In the listing beneath this line, copy exactly the lines starting with the one containing "This is a unique" and going on through the one containing "The studio prides".

* _Material to process_
▬▬▬▬▬▬▬▬▬▬

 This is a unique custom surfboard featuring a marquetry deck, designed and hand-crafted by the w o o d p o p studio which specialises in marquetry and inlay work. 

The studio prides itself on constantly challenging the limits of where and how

▬▬▬▬▬▬▬▬▬▬

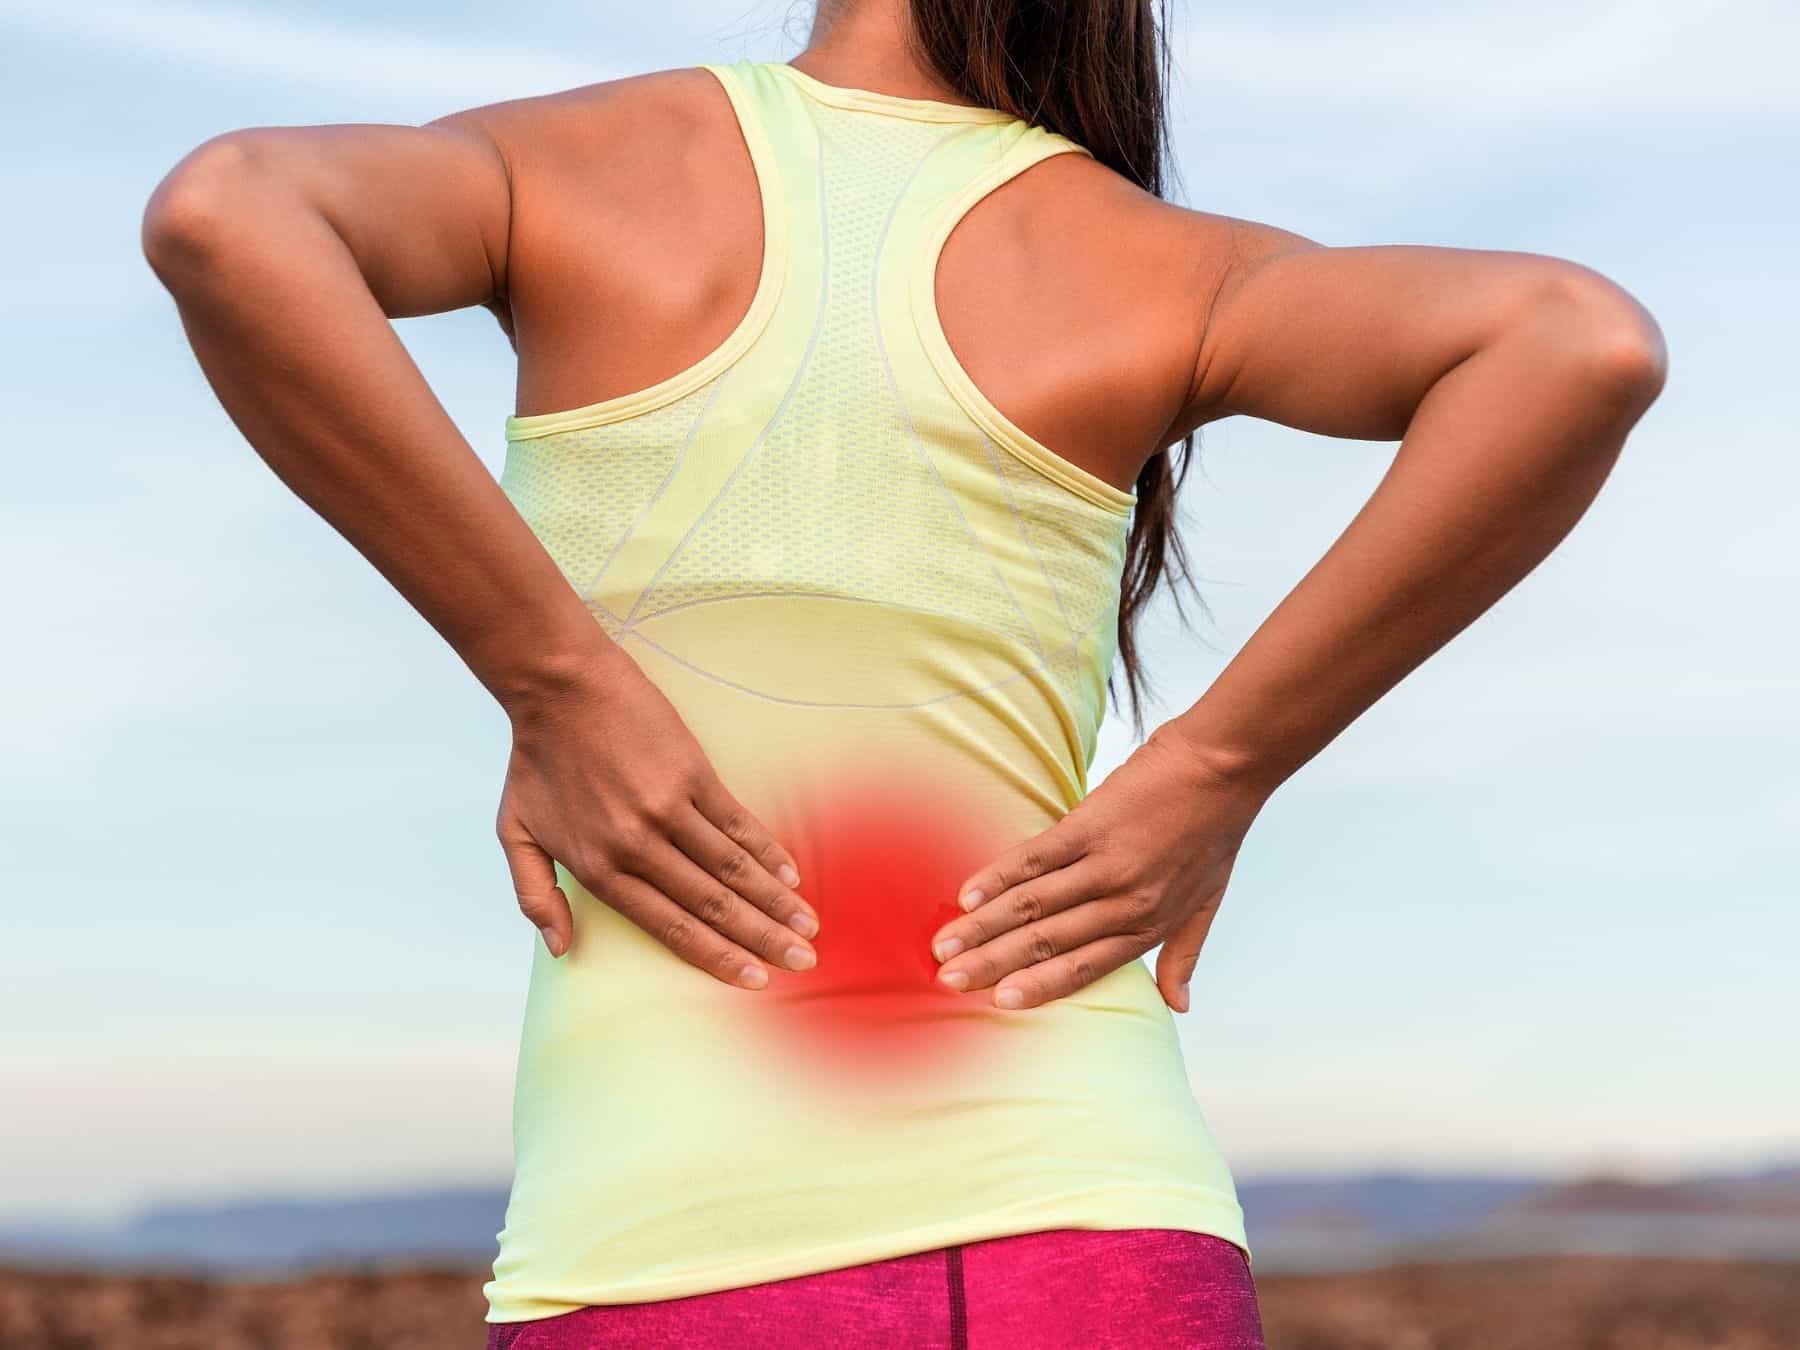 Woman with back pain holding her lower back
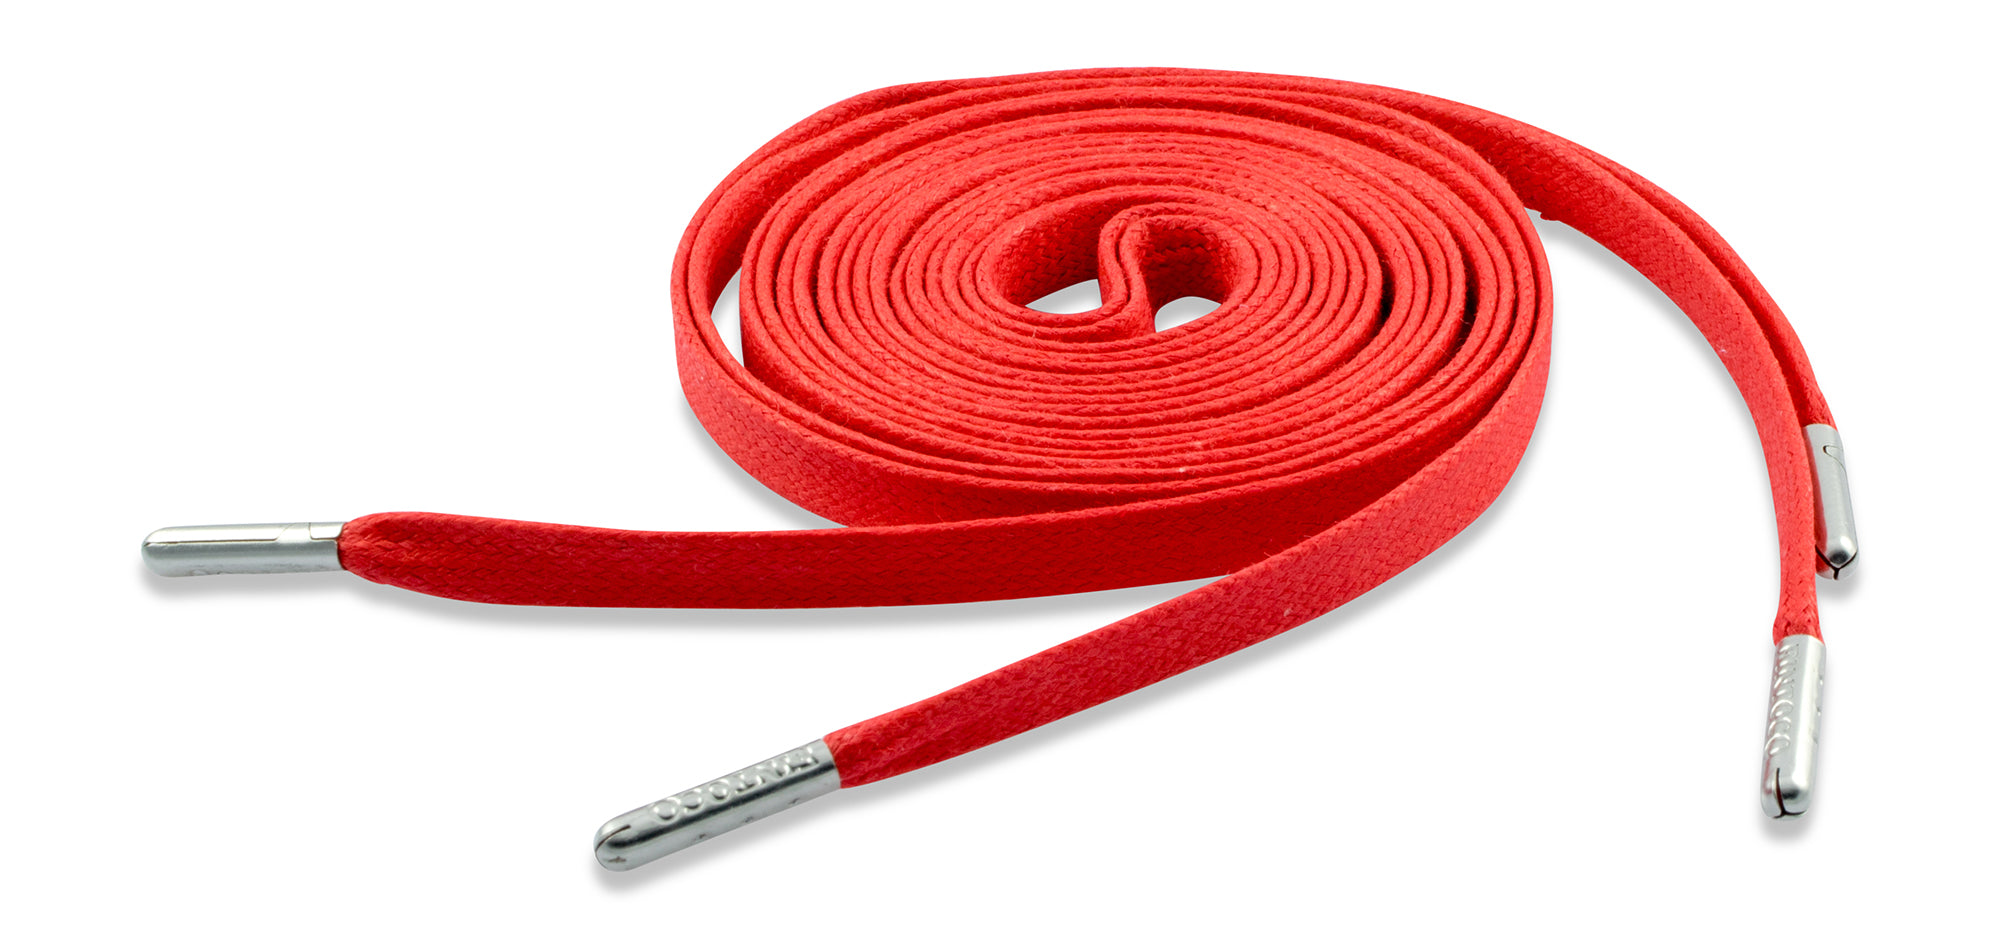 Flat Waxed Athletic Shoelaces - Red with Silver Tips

▬▬▬▬▬▬▬▬▬▬

* _Task solution_
 This is a unique custom surfboard featuring a marquetry deck, designed and hand-crafted by the w o o d p o p studio which specialises in marquetry and inlay work. 

The studio prides itself on constantly challenging the limits of where and how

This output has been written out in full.